From: Underwood, Jonathan
Subject: RE: [h-e-w] cygwin supbrocess startup directory
Date: Mon, 11 Feb 2002 09:54:27 -0500

I'm not sure that'll solve the problem, since auctex starts whatever shell noninteractively. A non-interactive bash shell doesn;'t read .bashrc or indeed any config files, unless you use the BASH_ENV environment variable to tell it to (see man bash).
 
For what it's worth, i use bash all the time through emacs, however, due to the incomplete nature of the tex/latex distribution currently included with cygwin, i use the infinitely better and more complete miktex distribution (www.miktex.org) which works superbly with auctex. This, being a native windows application runs via the cmd.exe shell, but switching between shells within an emacs session is relatively trivial (mail me if you need some elisp for this)
 
jonathan.
-----Original Message-----
From: address@hidden [mailto:address@hidden
Sent: February 10, 2002 8:53 PM
To: address@hidden; address@hidden
Subject: Re: [h-e-w] cygwin supbrocess startup directory

address@hidden writes:

I use cygwin as the shell subprocess under emacs (i.e.
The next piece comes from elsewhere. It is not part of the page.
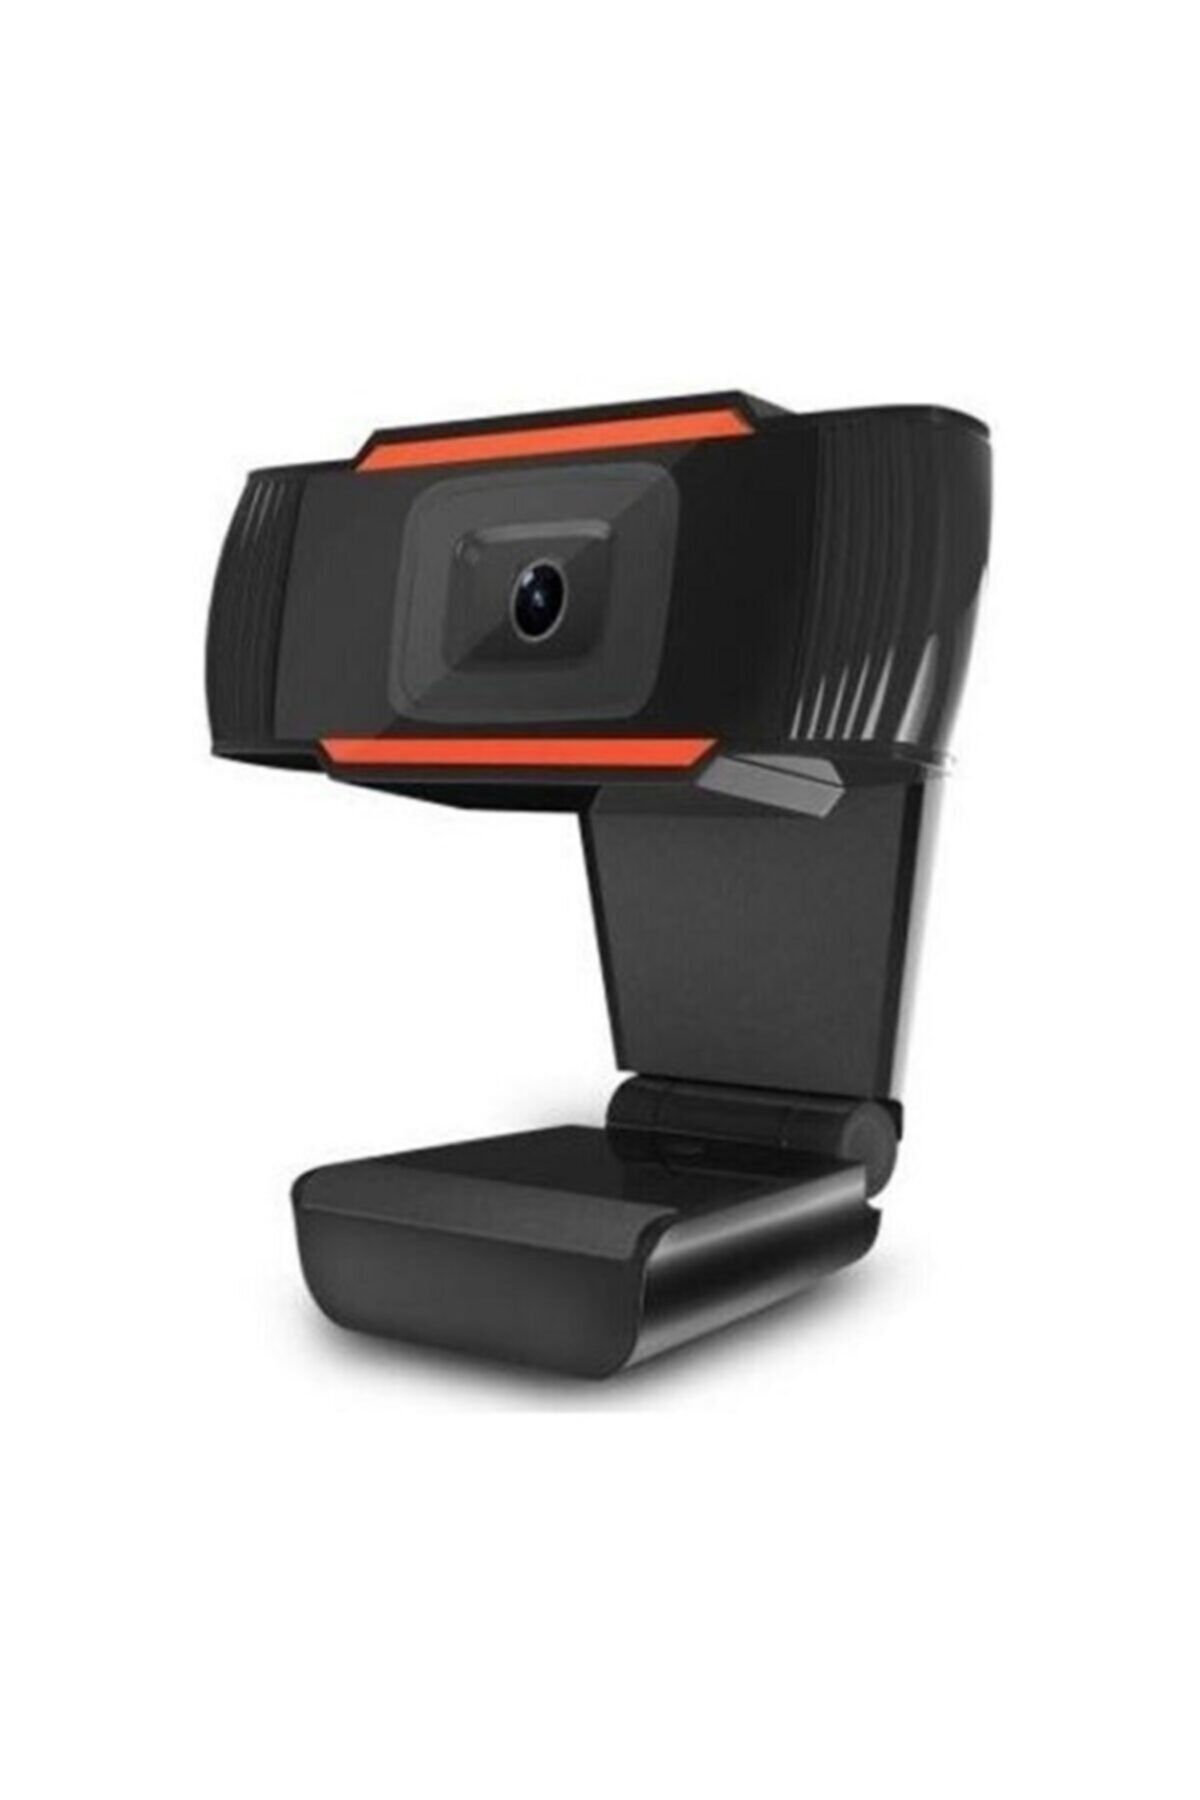 webcam hıgh soluıtıon Mikrofonlu Webcam Kamera Bilgisayar Pc Kamerası Tak Çalıştır Usb Hd 720p 1303 Hd 720p

M-x shell launches
cygwin).  My shell subprocesses start in my HOME directory.  I need to make
them start in the current directory of the buffer being edited by emacs.
The main reason is that auctex uses cygwin as a shell to run latex.  Under
the current setup I can only use auctex to latex a file in its home
directory.

How do I control the directory in which the shell sub-process starts
?


Probably your ~/.bashrc has code in it to set the working directory to $HOME.
Remove that when running under emacs.

if ! test -z $EMACS; then
# We're called from emacs
fi

if test -z $EMACS; then
# We're not called from emacs
fi

are the appropriate tests.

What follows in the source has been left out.